_WORK INSTRUCTIONS:_
Since the copy must match the original, write out each record word for word, skipping only the pictures.

_DATA RECORDS:_
-- -- --

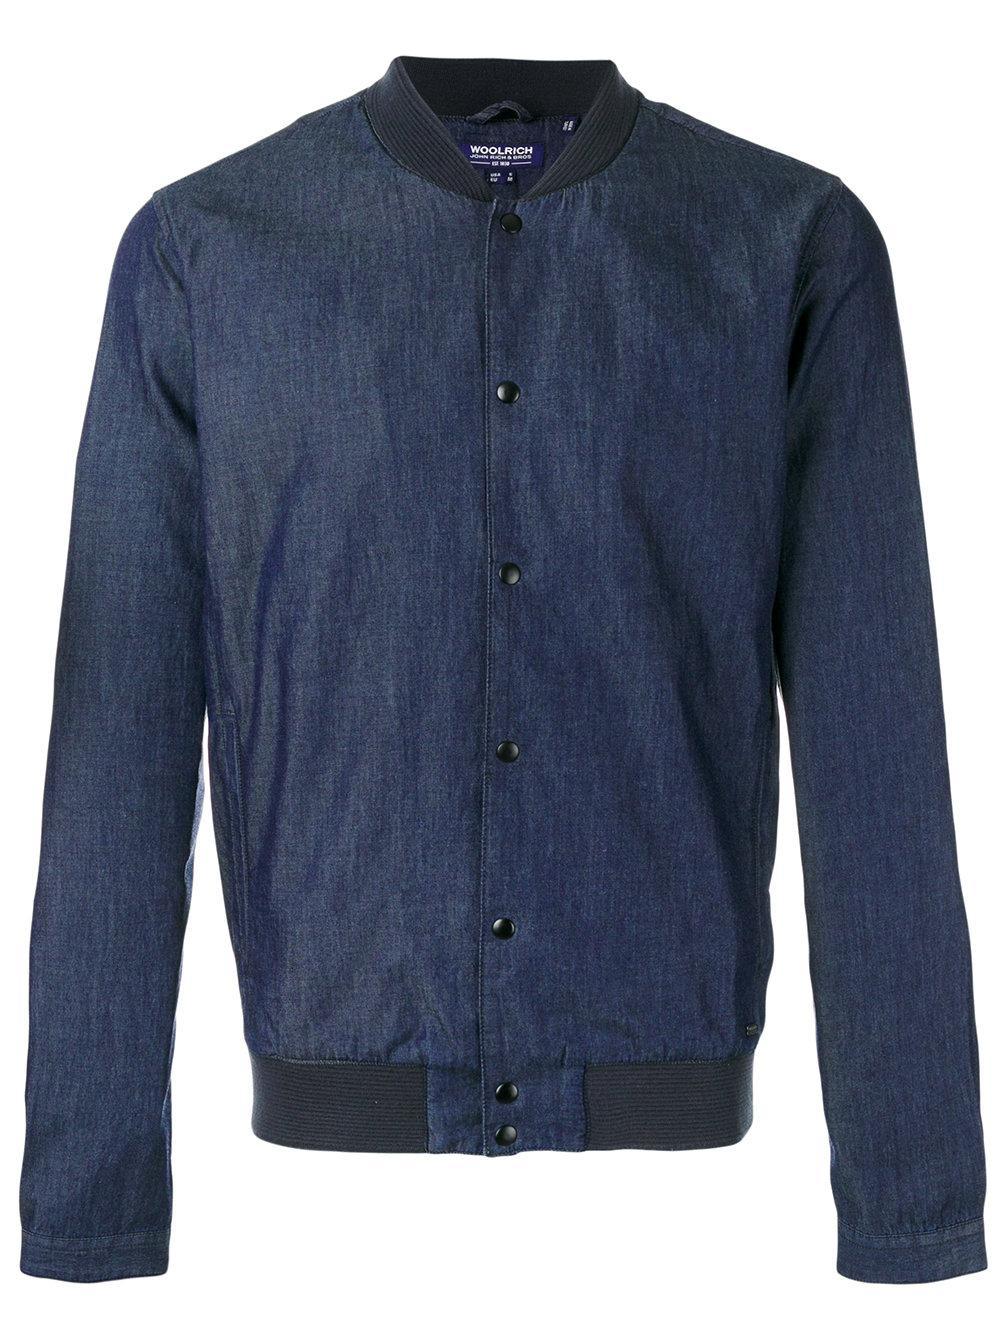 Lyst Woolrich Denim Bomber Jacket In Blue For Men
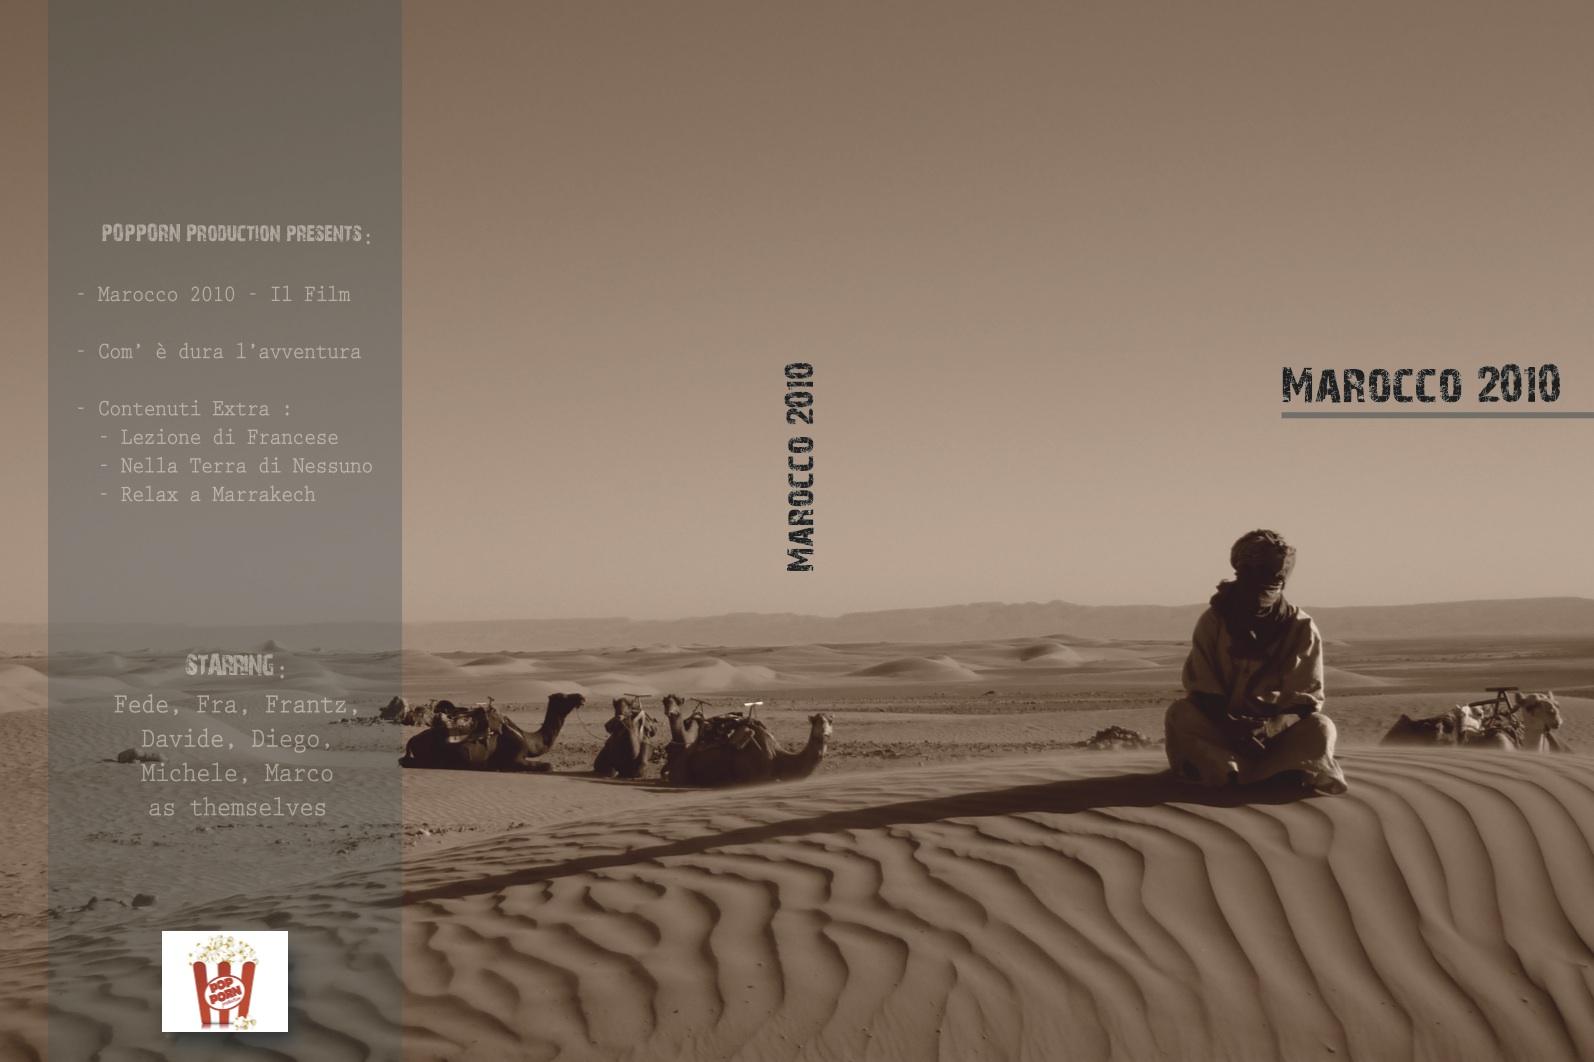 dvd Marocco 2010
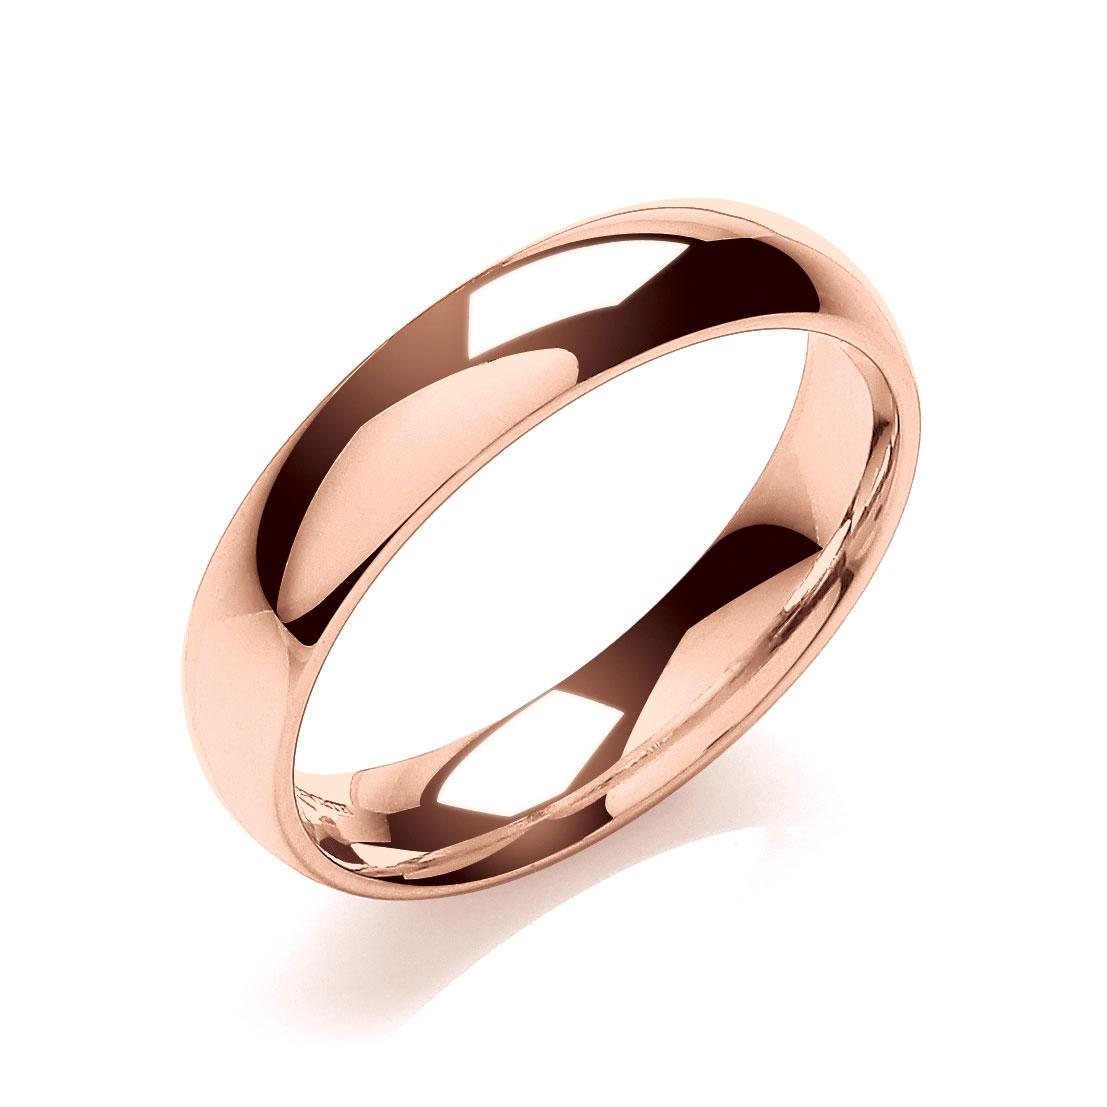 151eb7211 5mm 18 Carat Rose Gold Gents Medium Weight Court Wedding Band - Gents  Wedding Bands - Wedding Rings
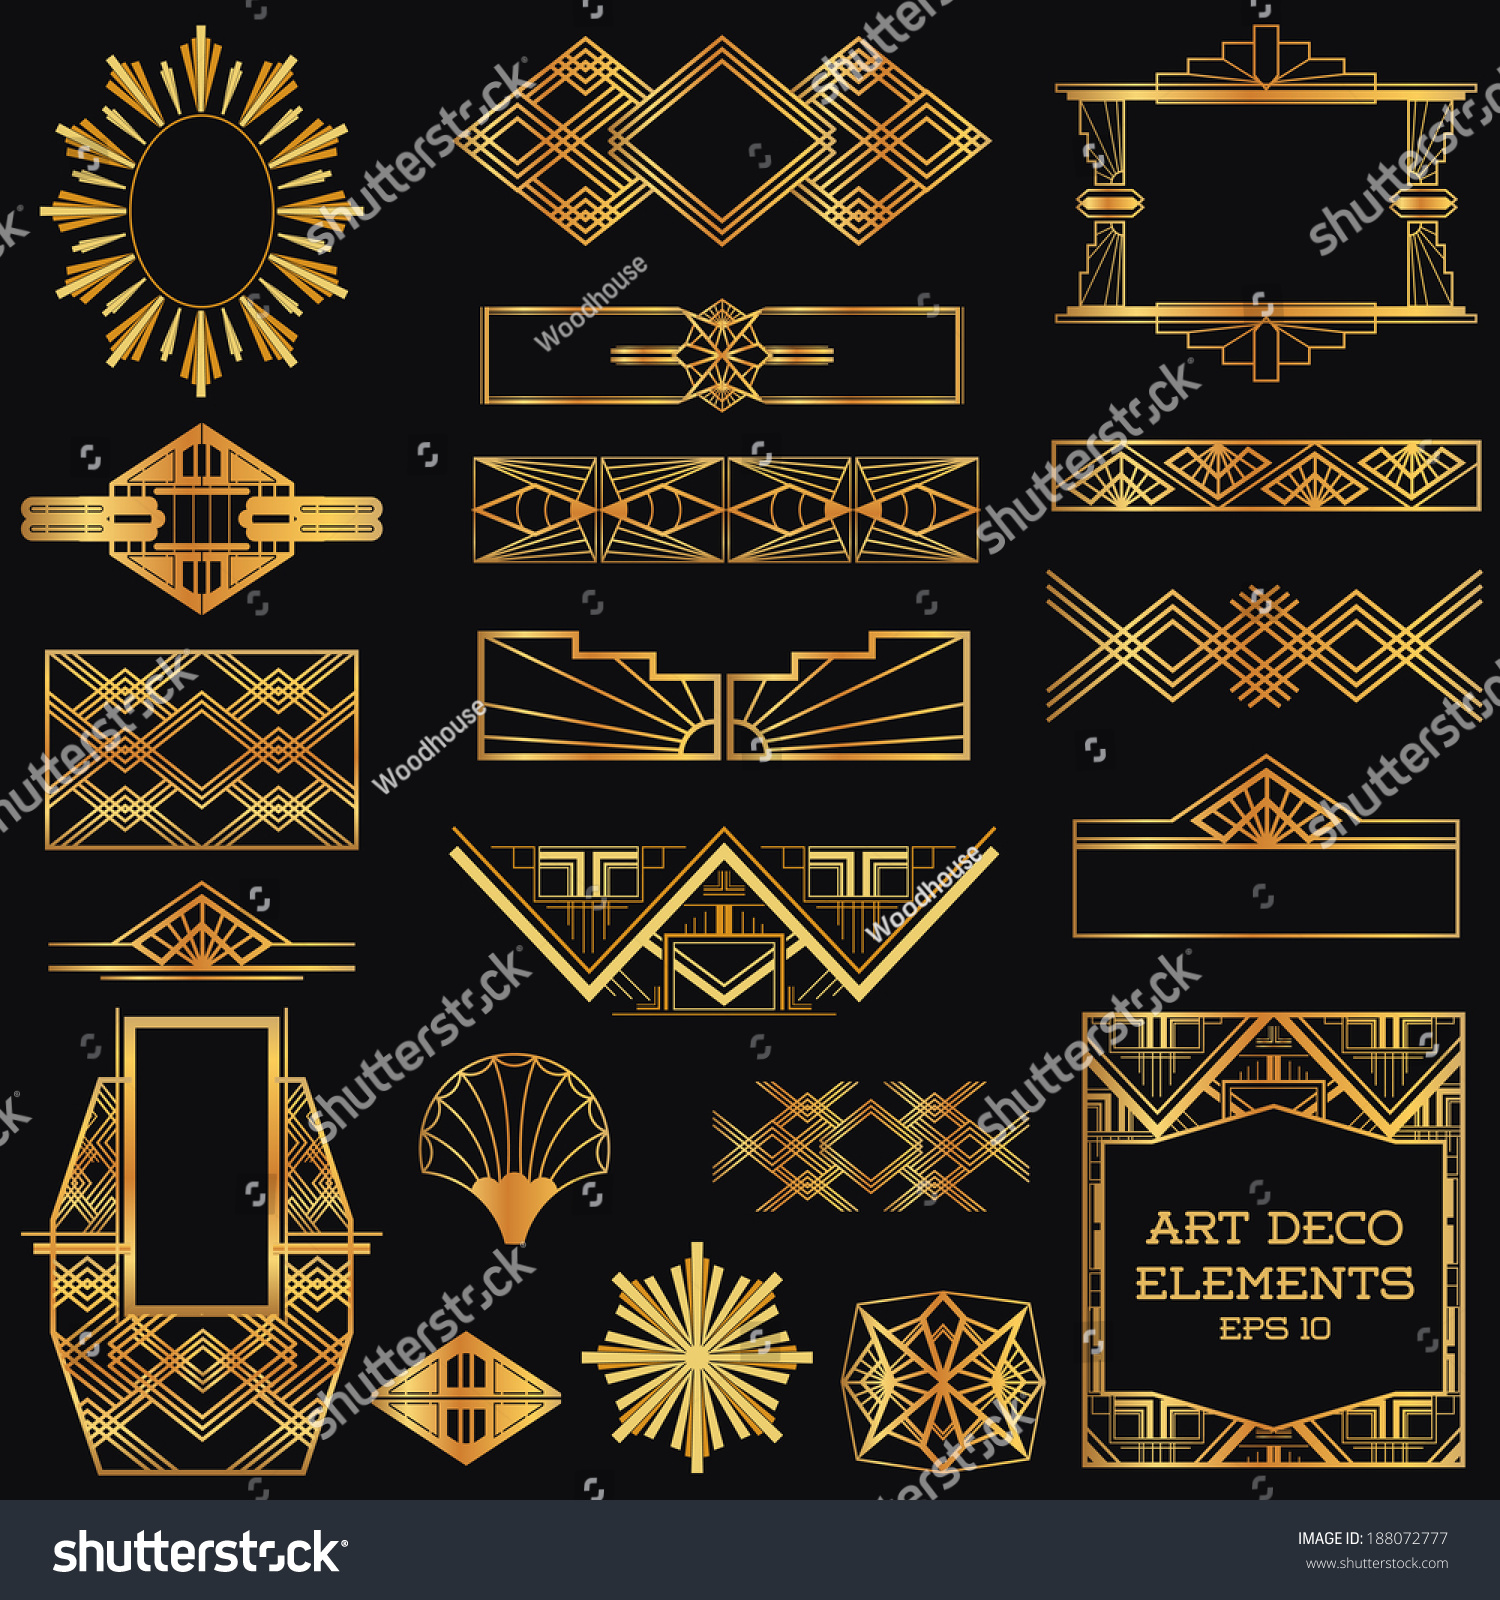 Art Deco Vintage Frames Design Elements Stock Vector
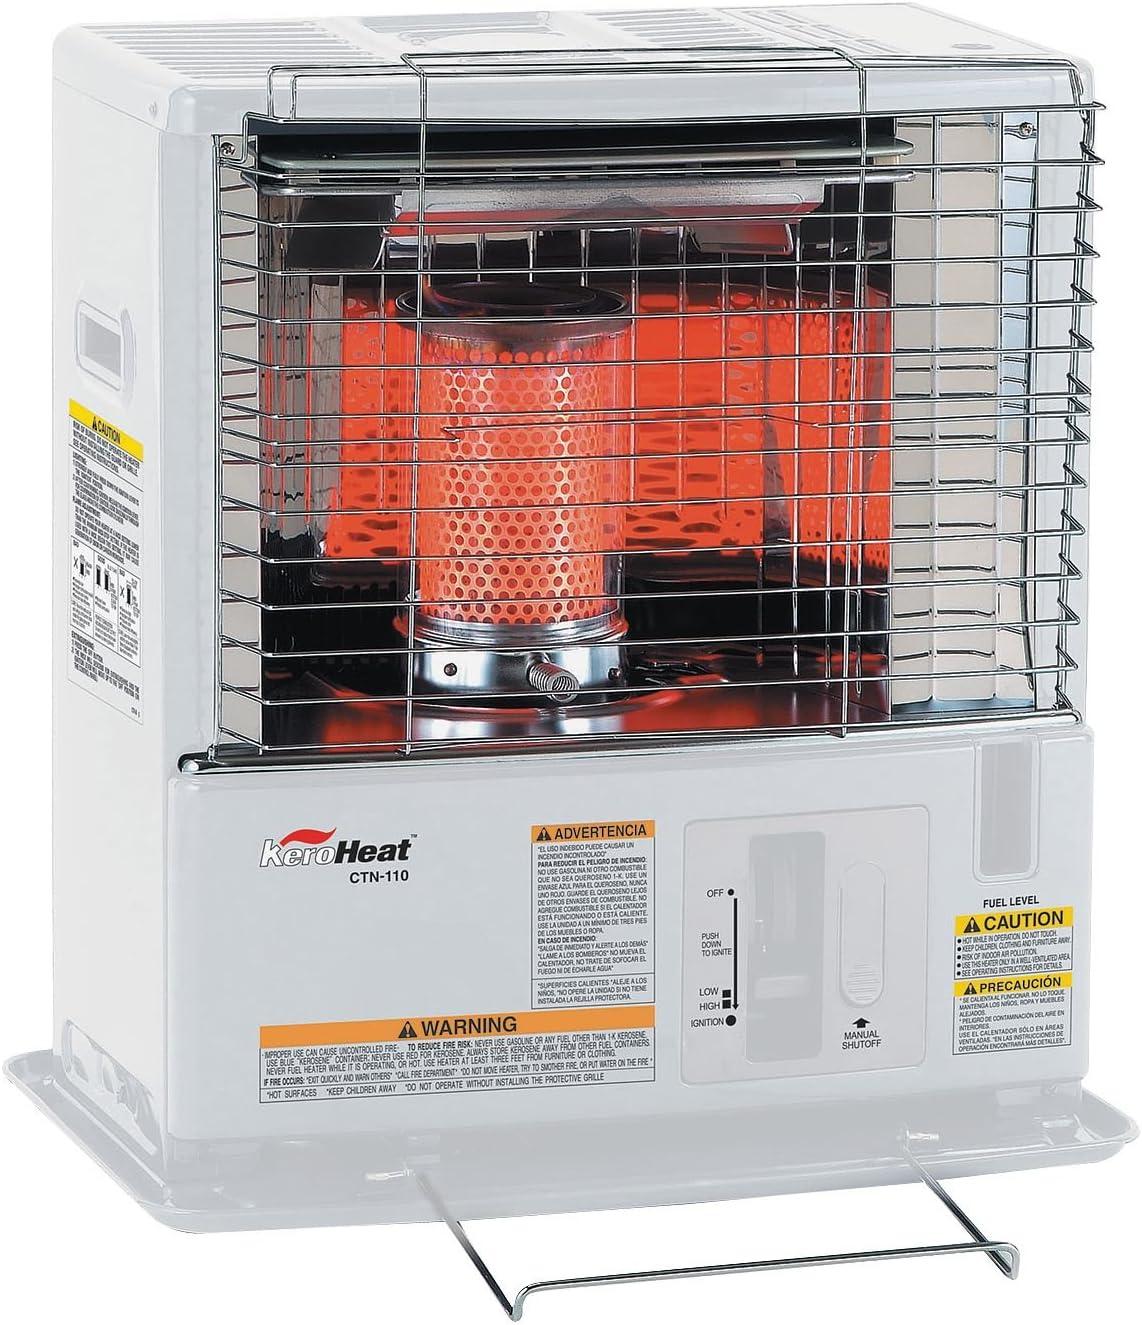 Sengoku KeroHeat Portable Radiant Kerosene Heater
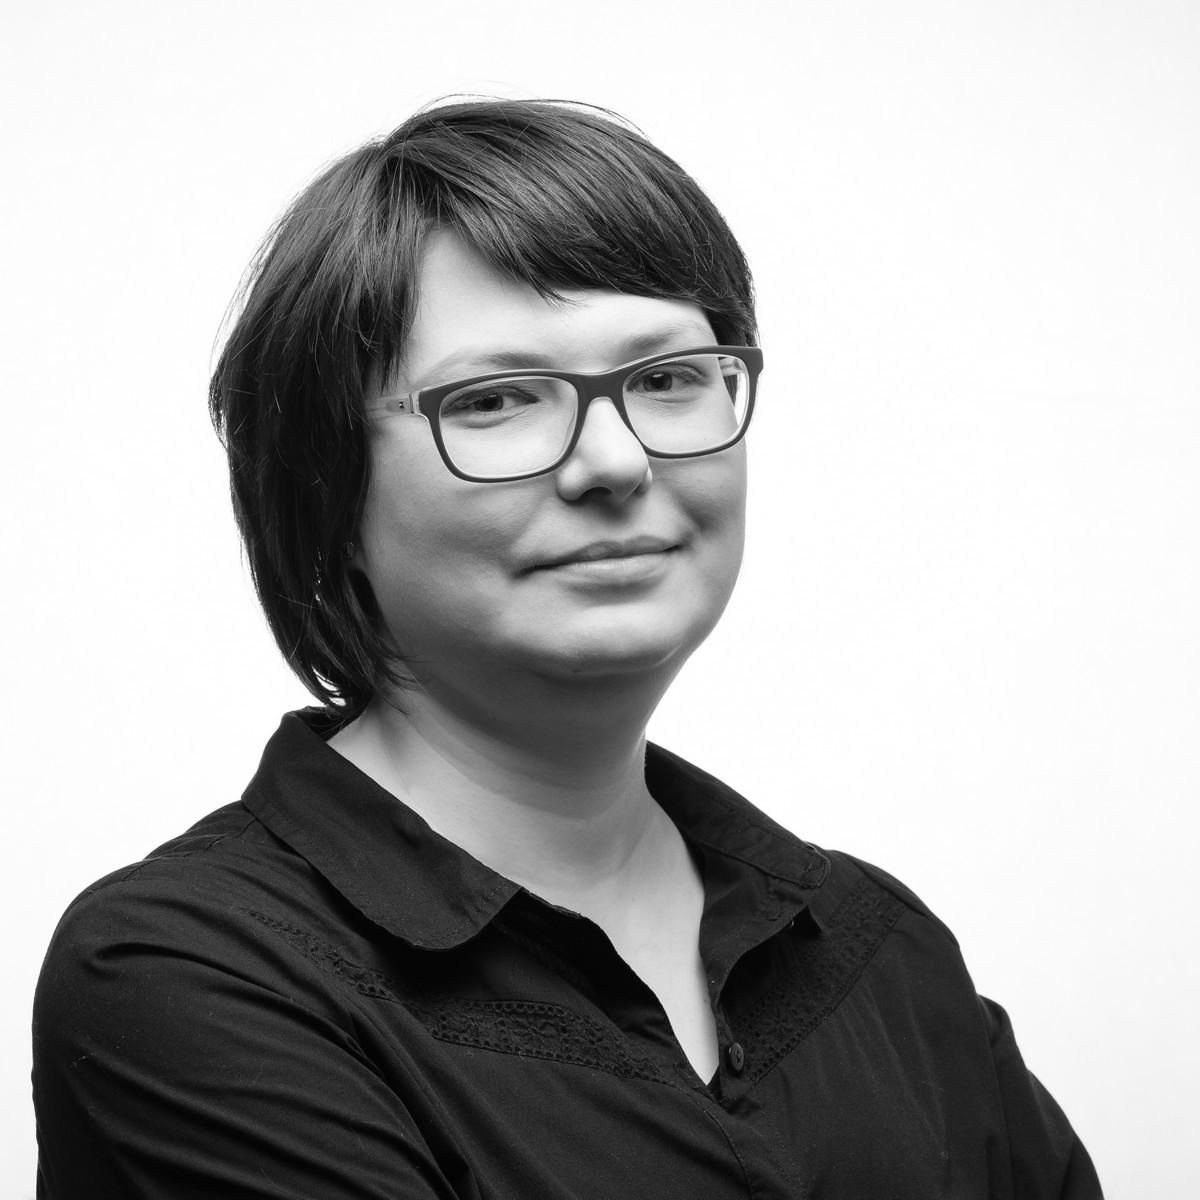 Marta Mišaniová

-- -- --

_OUTPUT:_
 Lyst Woolrich Denim Bomber Jacket In Blue For Men
 dvd Marocco 2010
 151eb7211 5mm 18 Carat Rose Gold Gents Medium Weight Court Wedding Band - Gents  Wedding Bands - Wedding Rings
 Art Deco Vintage Frames Design Elements Stock Vector
 Sengoku KeroHeat Portable Radiant Kerosene Heater
 Marta Mišaniová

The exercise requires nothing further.